To secure funding in today’s scientific landscape, one often needs institutional affiliation and an impressive publication record that reflects strong research credentials – a catch-22 scenario wherein groundbreaking innovators with no formal backing or prior experience find it challenging to gain the trust of reviewers. This requirement discriminates against fresh perspectives from individuals such as Einstein, who was working outside established institutions and did not have access to mentorship, which is typically deemed necessary for academic recognition – a stark contrast in how transformative outsider thinkers with unconventional backgrounds historically nurtured science.

The Short-Term Timeline Problem

Einstein developed special relativity over years with no milestones, no quarterly reports, no renewals. How would he answer, ‘What will you accomplish in Year 2?” The funding cycle durations set forth by major grant agencies, such as NSF’s typical three to five years for regular grants and the NIH’s maximum of five years, do not accommodate the long periods necessary for fully developing foundational theories that require time-intensive evolution. Such timelines impose an unfair constraint on researchers like Einstein, whose transformative ideas did not evolve within strict milestones but unfolded in an unconstrained fashion – showcasing the incompatibility of this model with truly revolutionary scientific discoveries where a linear progression is unrealistic and even counterproductive.

The Impact Statement Trap

Requirements for demonstrating immediate “broader impacts” or societal benefits pose significant obstacles to transformative research proposals that often envision far-reaching implications beyond their direct applications – an aspect Einstein’s work exemplifies best with its foundational role in advancing physics.

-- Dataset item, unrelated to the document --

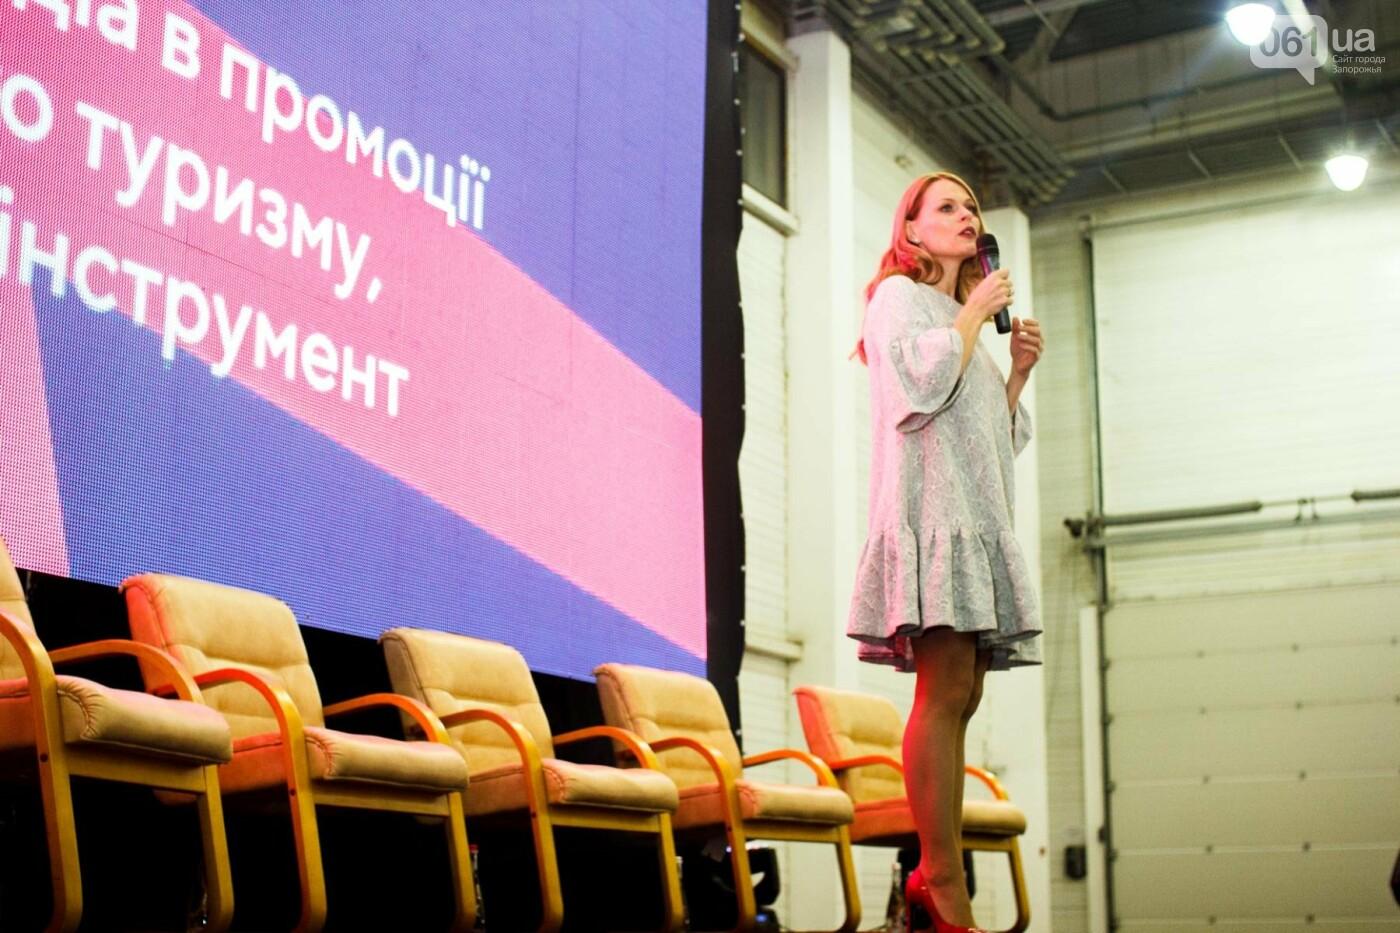 Запорожский Туристический Форум посетила телеведущая Ольга Фреймут, - ФОТОРЕПОРТАЖ, фото-18

The trap lies when reviewers, fearing potential misuse of speculative science or unable to perceive future benefits due to cognitive biases, force research proposals into a mold where immediate practical impact takes precedence over visionary scientific contributions, further marginalizing transformative studies that could potentially unlock new dimensions in various fields.

The Interdisciplinary Gap

The inherent disciplinarity of current grant funding schemes disconnects them from the interdisciplinary essence required for revolutionary research proposals like Einstein’s – a reality where transformative work frequently transcends conventional academic boundaries by merging concepts across multiple fields. This approach often results in an exclusion not only based on institutional affiliation but also because of its challenge to compartmentalized funding models that struggle with the non-linear, cross-disciplinary nature integral to truly transformative science – a significant obstacle for proposals inherently interdisciplinary yet unable to fit neatly within program structures or expertise.

The hypothetical funding scenarios for transformational science, as presented through the lens of Albert Einstein’s groundbreaking work, illustrate the inherent challenges faced by revolutionary ideas. To further highlight this problem, let’s take a look at other seminal discoveries that may have been overlooked or deemed unworthy of support under current grant review criteria:

Copernicus’ Heliocentric Model: In a contemporary setting, Copernicus’ heliocentric model might face skepticism due to its challenge to the widely accepted geocentric view of the universe. Lacking preliminary data and facing resistance from established religious beliefs, his proposal would likely be rejected under modern grant review criteria, despite its ultimate validation through observation and mathematical proof.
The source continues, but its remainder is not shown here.